4. Make it profitable for the organisation
A good benchmark is that a minimum of 50% of the purchase price should go to your organisation, ideally with no initial outlay.
The last thing you want is to have leftover stock that you have already had to commit to! So make sure you negotiate with the company supplying the fundraising products so that you earn a healthy margin and agree on practical payment terms such as being able to pay just for the goods purchased by parents, once you have put in your final order with them. And ideally, find a company who don’t enforce a minimum order quantity to save you the stress of having to get a certain number of orders in!
5. Gather the troops
Set up a fundraising committee with some volunteers from your organisation.
Ensure everyone on the committee has different skill that can be utilised – eg marketing & promotion, organising getting all orders returned and collated, perhaps someone who can design posters and flyers, someone to head up finances and can report and track how much has been spent and how much has been made – and make sure you give everyone a clear role and tasks to be in charge of.
Set a fundraising target and communicate this to the committee (and also what particular thing you are fundraising for) – teams work better with a clear goal to achieve! It’s also much more motivating when you communicate your progress and successes to the team throughout the fundraising process (but also make sure you celebrate your success at the end!)
6. Promote, promote, promote
Use lots of different ways to protect your fundraiser – eg school newsletters, local flyer drops in letterboxes, put posters up in high-traffic places in your building, print flyers to give out to parents or send home with the kids, post multiple times on your organisation’s Facebook and Instagram pages, even contact your local newspaper and try to get your fundraising story published!

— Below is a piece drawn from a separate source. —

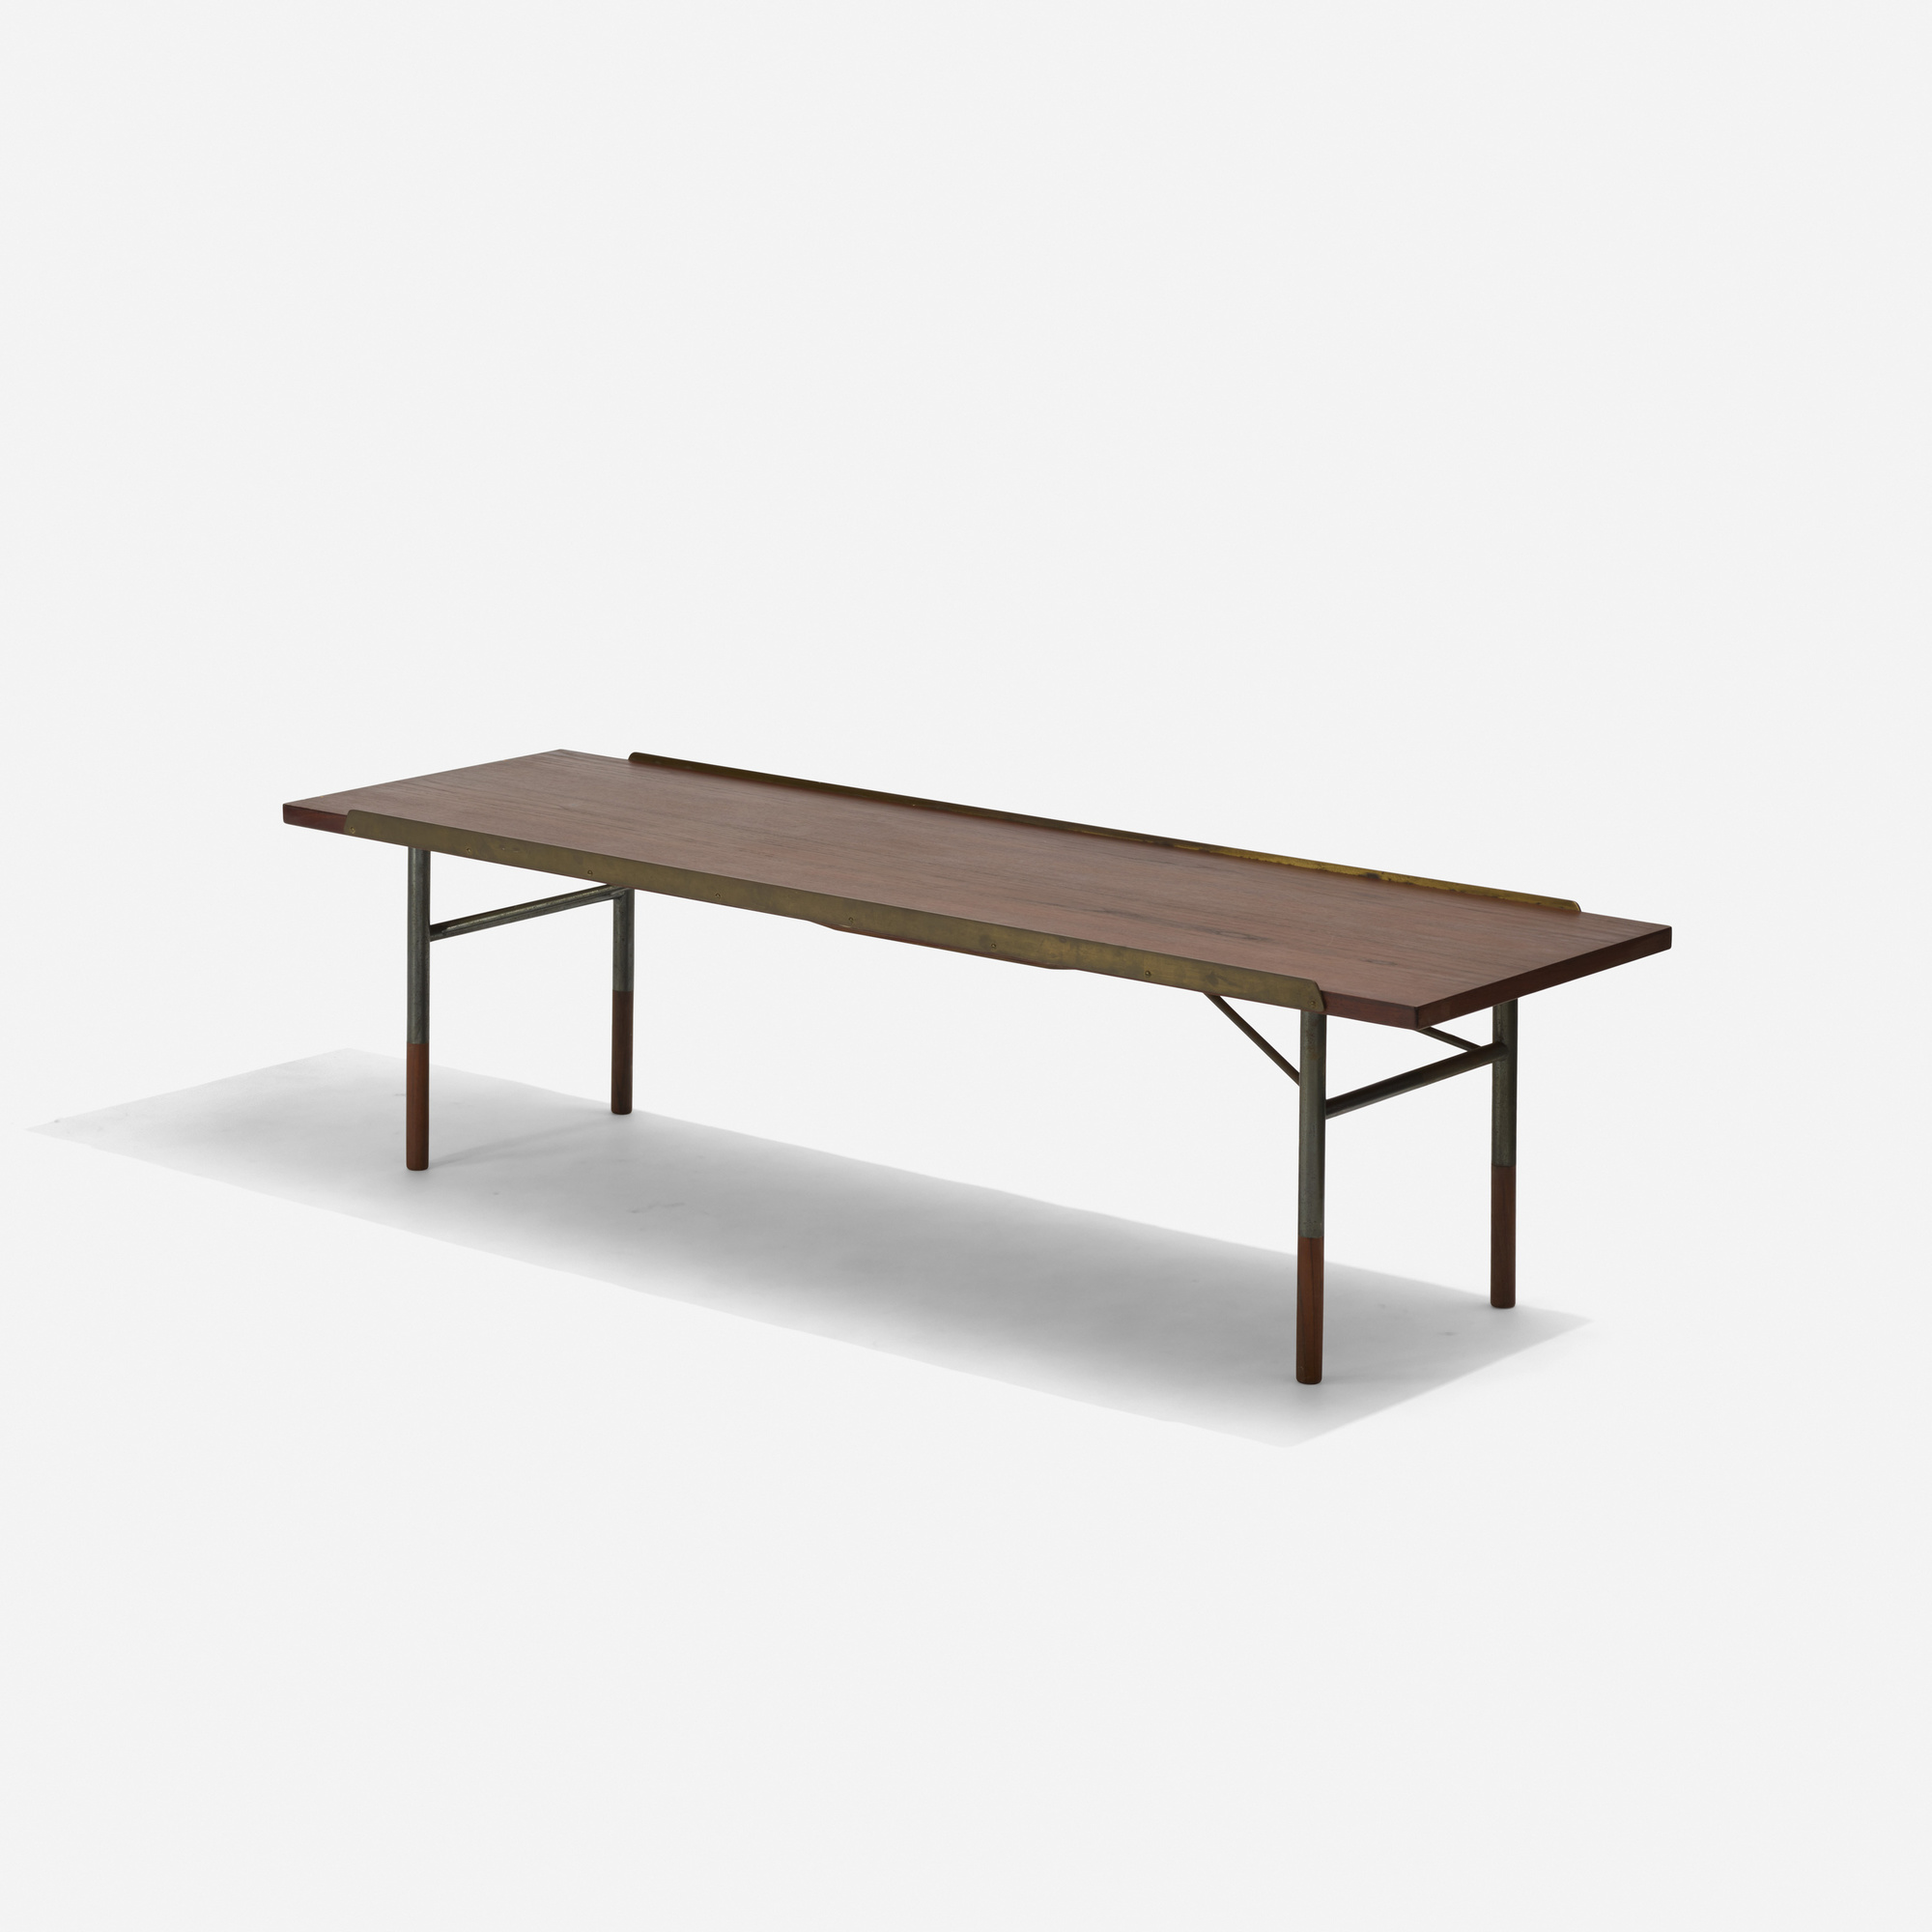 271: Finn Juhl / bench (1 of 2)

Get a sample of the product so parents can touch, feel and try before they buy. Other ideas to promote your fundraiser include getting your parents to share with their social networks via email or social media, putting on your organisation’s website, advertising in local Facebook groups (many suburbs have a Buy, Swap, Sell Facebook page or an active community Facebook group), asking local cafes and shopping centres if you can put up posters or leave flyers for people to pick up.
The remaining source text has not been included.